_Data provided_:
* * * * * * *

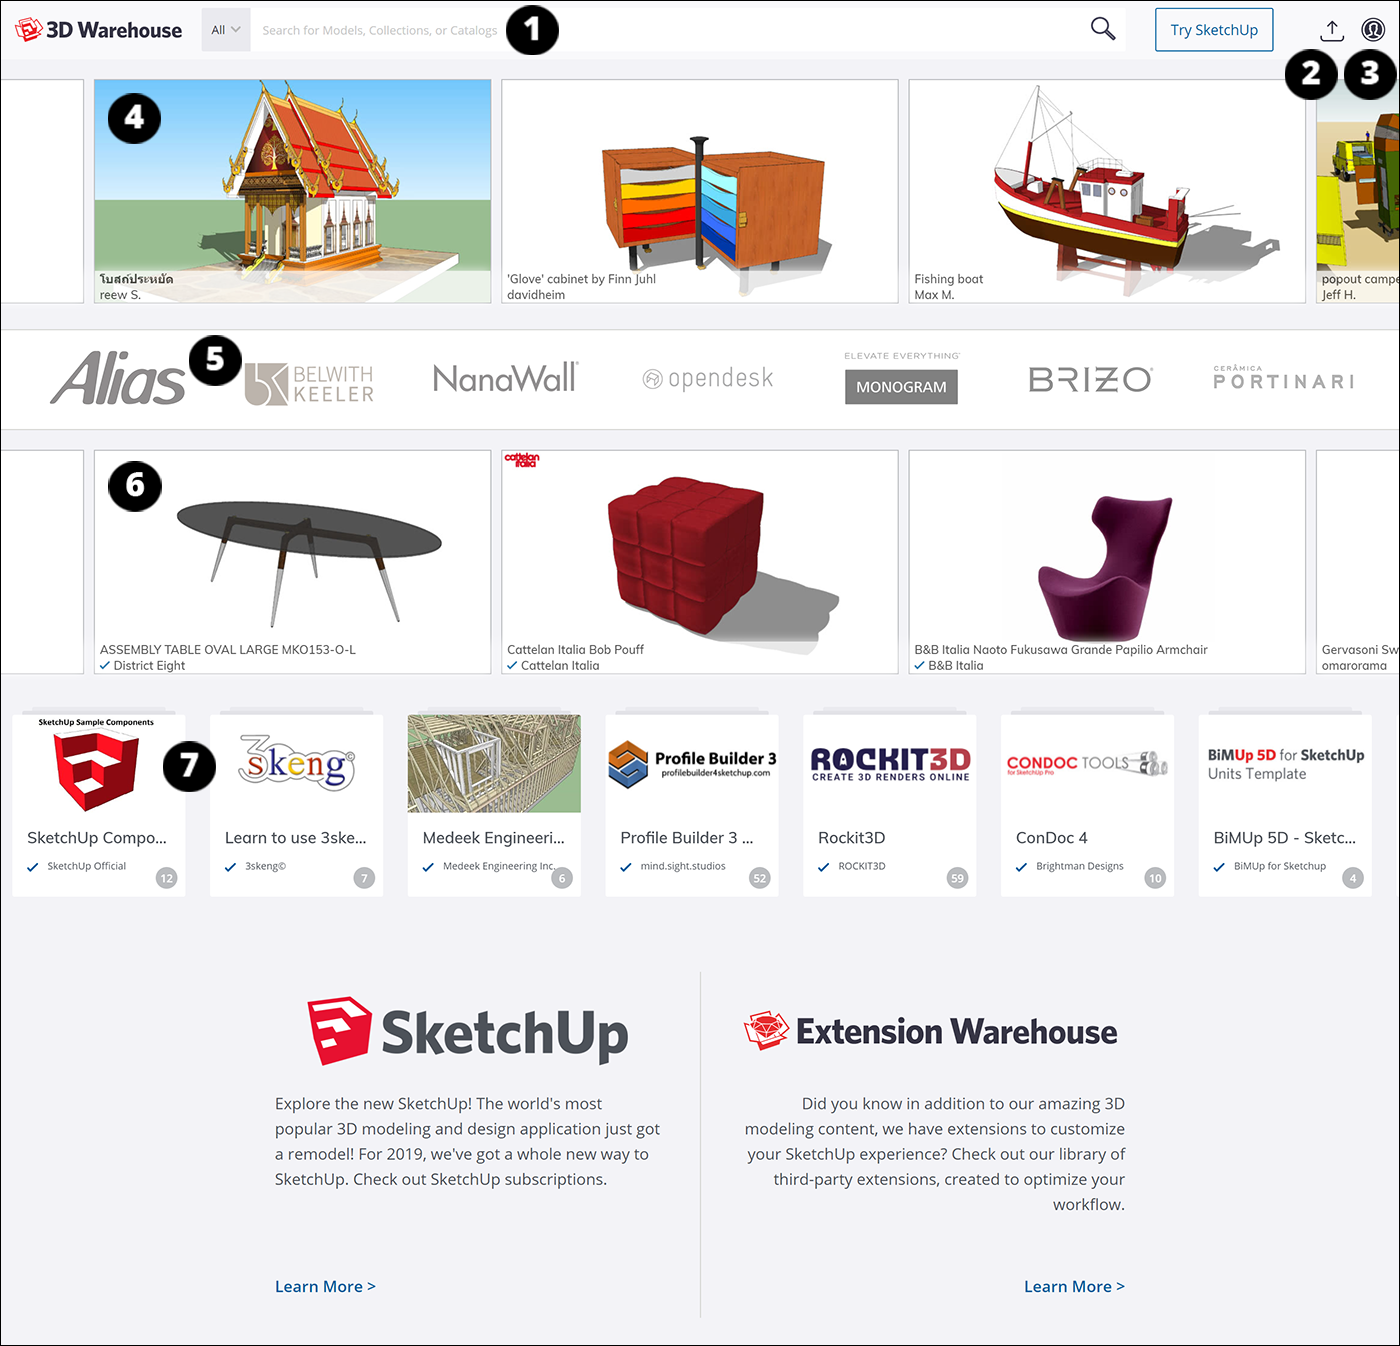 From the main page of 3D Warehouse, you can search for SketchUp models and materials based on keywords, brands, and more
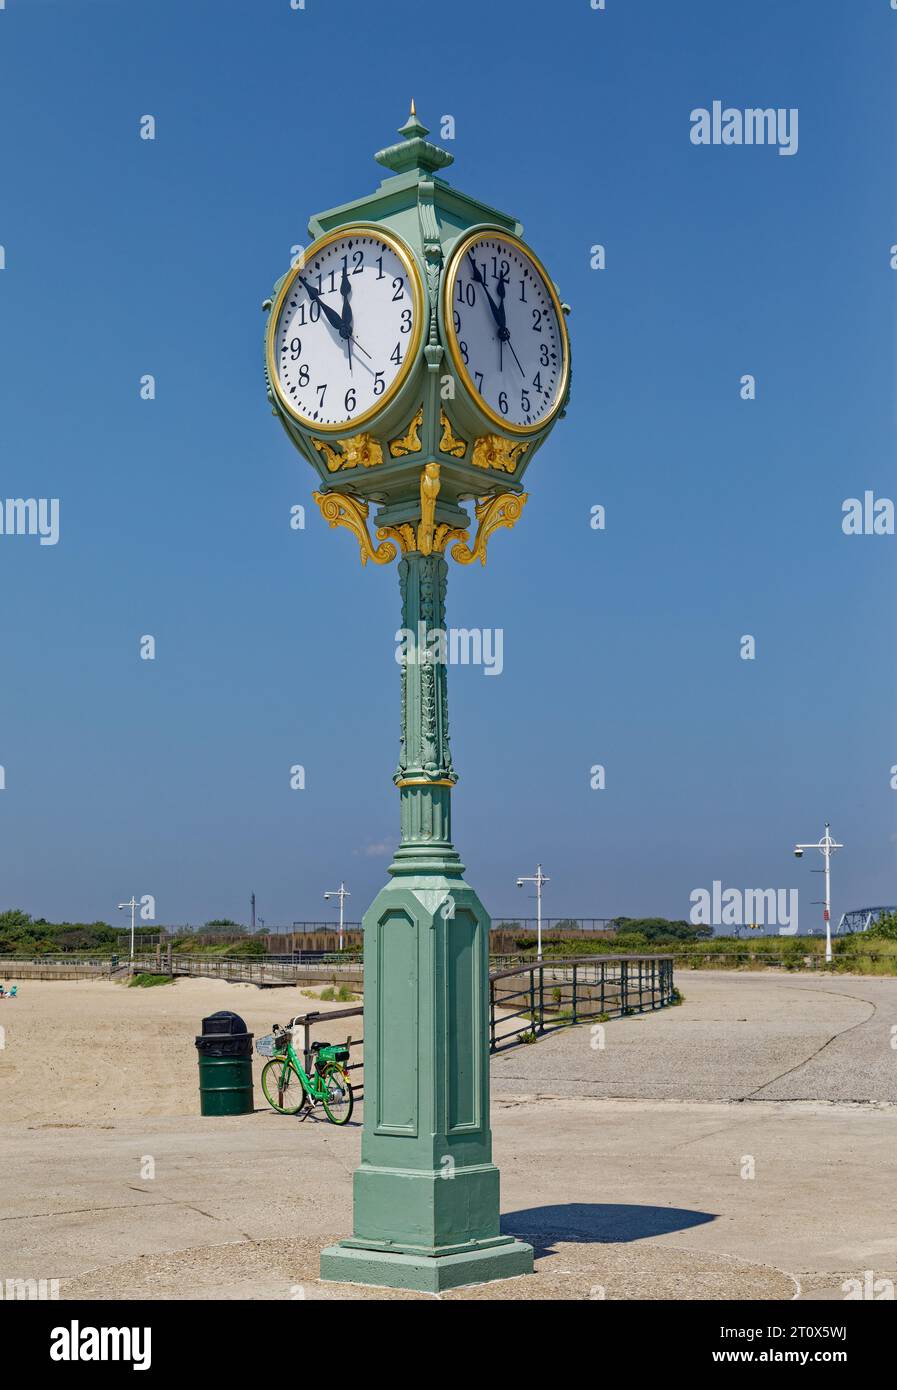 The National Park Service restored the Wise Clock at Jacob Riis Park in 2019, a few months before this photo. Stock Photo
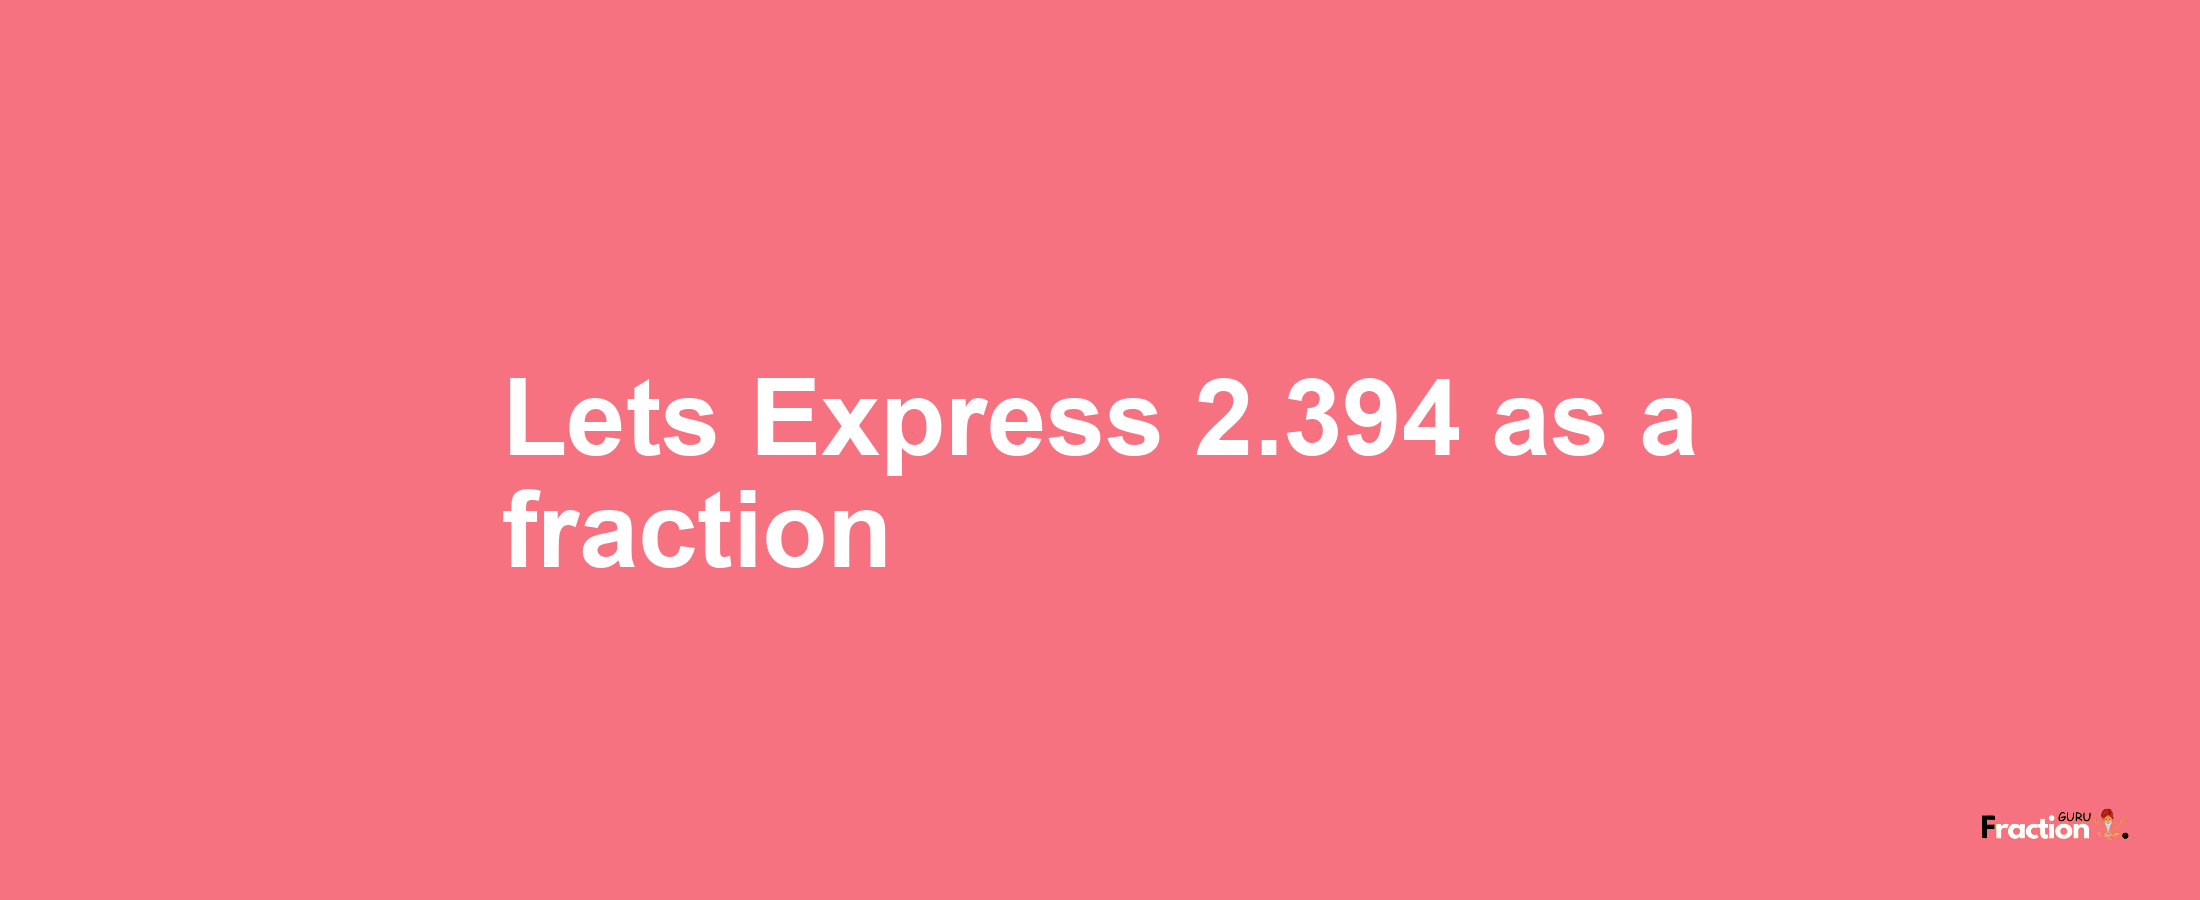 Lets Express 2.394 as afraction

* * * * * * *

_Exercise requirements_: Word for word, output the whole listing, but not its pictures.

_Result of the exercise_:
 From the main page of 3D Warehouse, you can search for SketchUp models and materials based on keywords, brands, and more
 The National Park Service restored the Wise Clock at Jacob Riis Park in 2019, a few months before this photo. Stock Photo
 Lets Express 2.394 as afraction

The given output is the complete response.